Day 96: "You and Bill and I hereby agree to make an army"

Students will be able to identify an author's main idea in an informational text.

This past Saturday my husband and I were at Walmart shopping for the Super Bowl (i.e. we had a cart full of beer) when one of my students passed us with her dad.  She said, "Hi Mrs. H!"  I said hello back, and we kept walking our respective directions.  On Monday in class, she walked in and said, "I saw you at Walmart this weekend!"

This wouldn't be a big deal, except that I was pretty darn certain this student hated my guts.  She's one of the group who I keep returning papers to because she only does 70% of the work. Literally, she will sit and calculate how many questions get her to pass, and she only does those - knowing she'll get all of them right.  She sighs heavily and rolls her eyes and says, "Really?  Do I have to?" a lot.  The point being, she could have easily walked by me at Walmart and not said hi, and I wouldn't have even seen her.  But she said hi. And then mentioned it in front of people on Monday.  If she really hated me, then she would have been too embarrassed to admit to seeing me outside of school.  But she didn't; this was actually a highlight of my weekend.  In addition to finally taking down our Christmas decorations - before Lent starts.

This week we're busting into informational texts - woo hoo! Actually, this has become rather my pet project. I often listen to talk shows or am reading the internet or the newspaper and I find something I think is really cool and I want to share it; however, I'm not a huge fan of sharing things on Facebook (especially political things), so I now have a new venue: my 132 students.  Monday they read a really neat Wall Street Journal editorial detailing the formation of the militia in the 1770s, within the context of the current debate on the second amendment and gun control.  My favorite part of the article detailed a militia contract from 1774 in Kent County, RI; the author summarized the contract as saying, "You and Bill and I hereby agree to make an army, and let's meet at Bill's house to practice."  Basically members of a militia became a militia due to a social contract - they weren't members because they had guns, or because the government told them they were members.  Students read the article first, then tried to state the main idea the author was trying to make.

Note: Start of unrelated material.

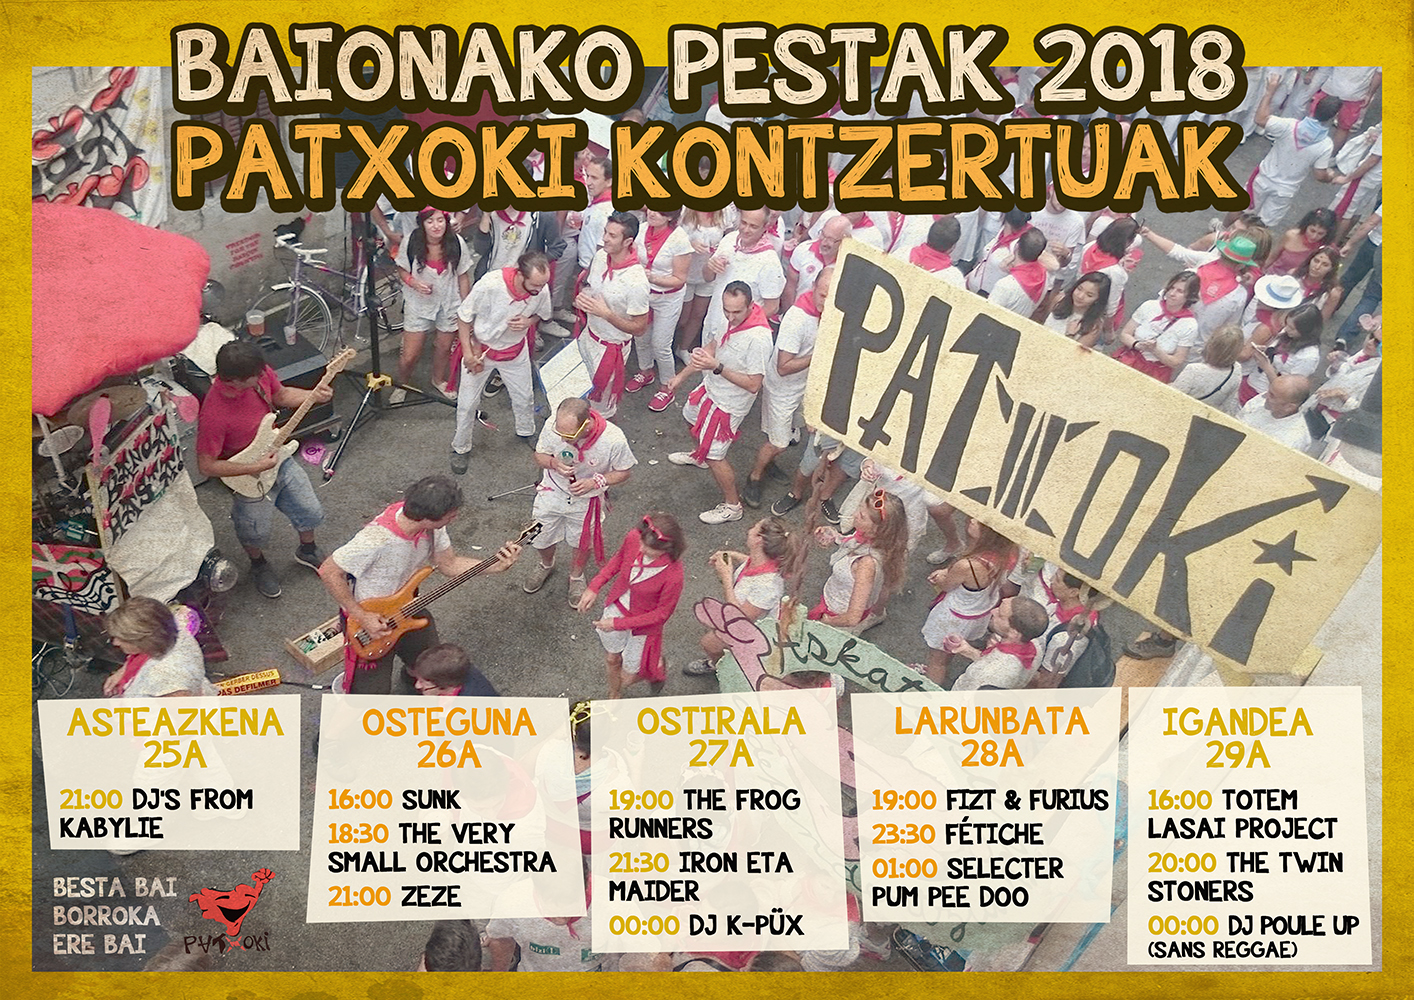 baionakobestak-patxokikontzertuak-2018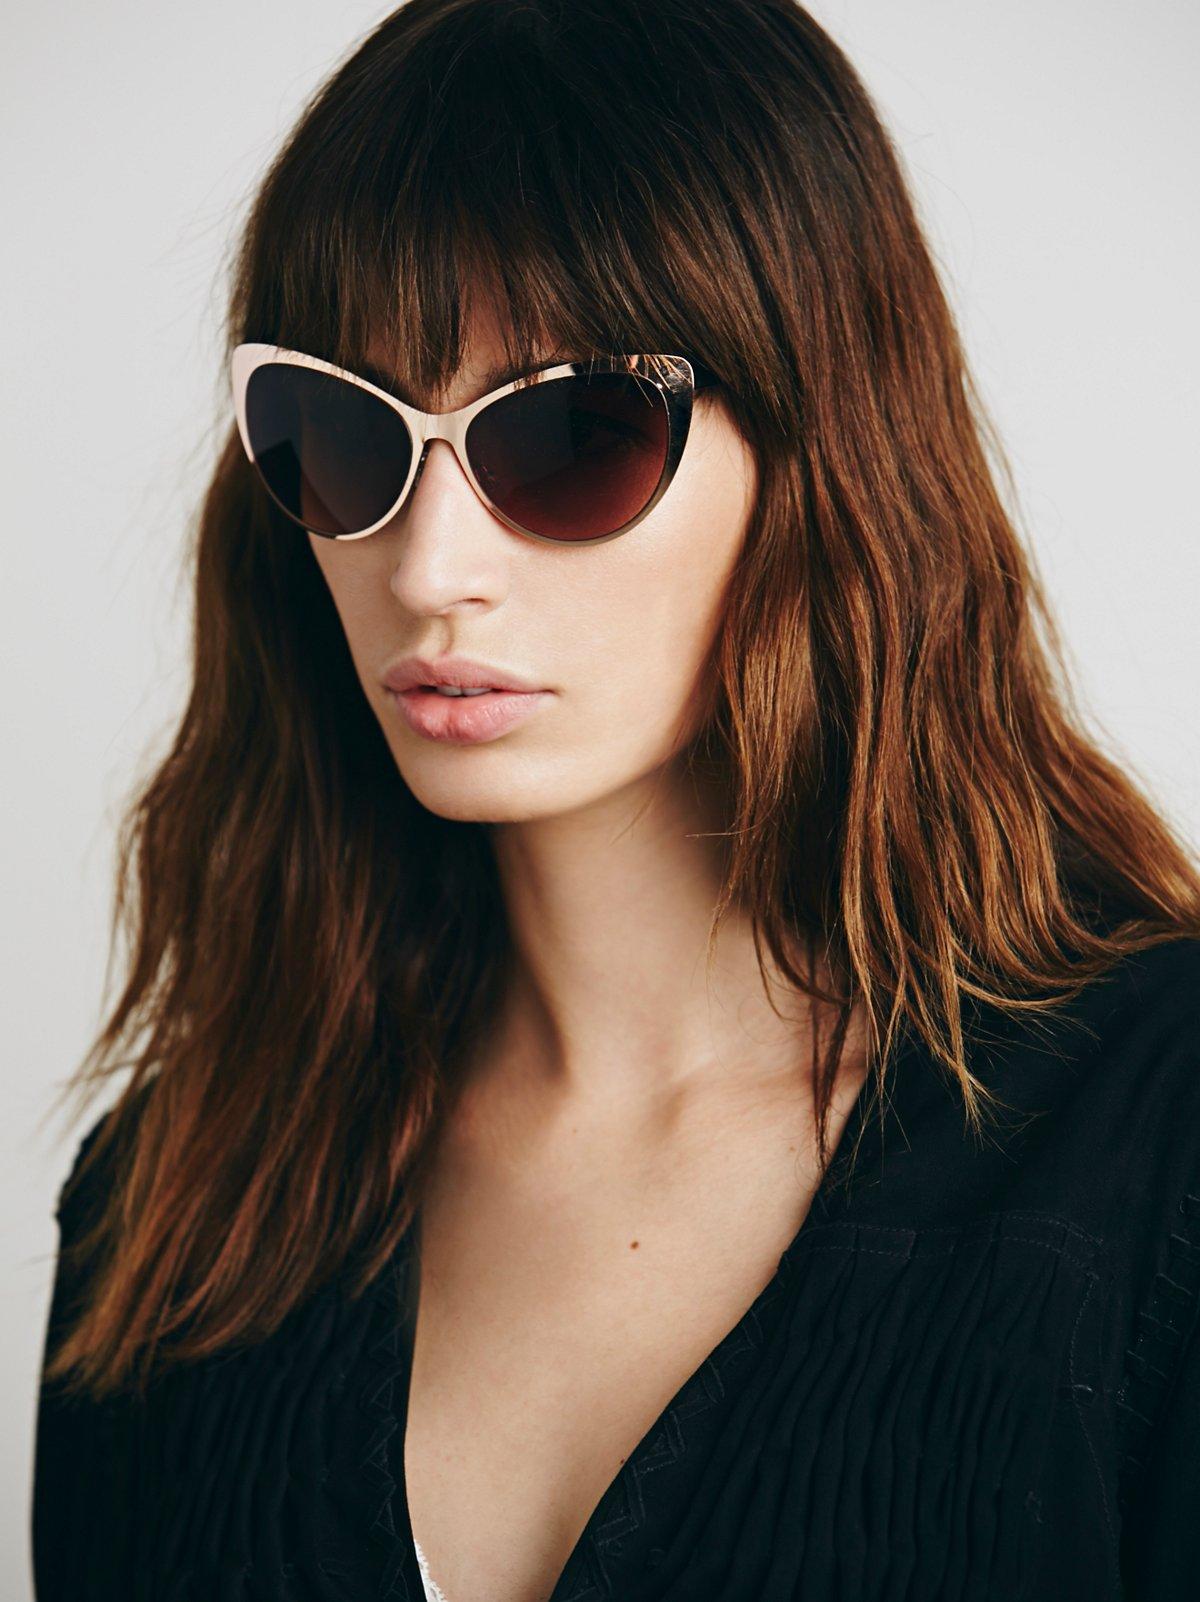 Lizzie猫眼太阳镜

We also read through President Obama's 23 Executive Orders he signed last week; everyone assumed the main idea was that he wanted to take away everyone's guns.  It turns out that most of his orders regarded information sharing or campaigns for gun safety.  The point was, students have to read everything all the way through to know the main idea.  This applies on the standardized tests, but it also applies a LOT in life - the students correctly pointed out that misreading a contract can get you in a lot of trouble.  We ended class with a math lesson detailing the importance of discovering what your "No interest for a year" interest rate actually means, and what could happen if you stop paying a car loan, or quit the army before your contract is up, or leave a job before a probationary period is done, or sign for student loans and don't graduate...et cetera.  It was a pretty long lesson to reach the objective, but I think it was valuable nonetheless.

My students continue to think I'm a flaming liberal...just because I demand their evidence for their derisive statements about our president.  "Because he's a communist," is never good evidence.

Comments

  1. Haha! You're teaching them a very good lesson, one that most adults in our society don't know, in making them read all of something before forming an opinion. Maybe next you can work on making them find evidence in more than one source before claiming it as fact; which is another point most adults don't understand. Keep up the good work, Lizzy!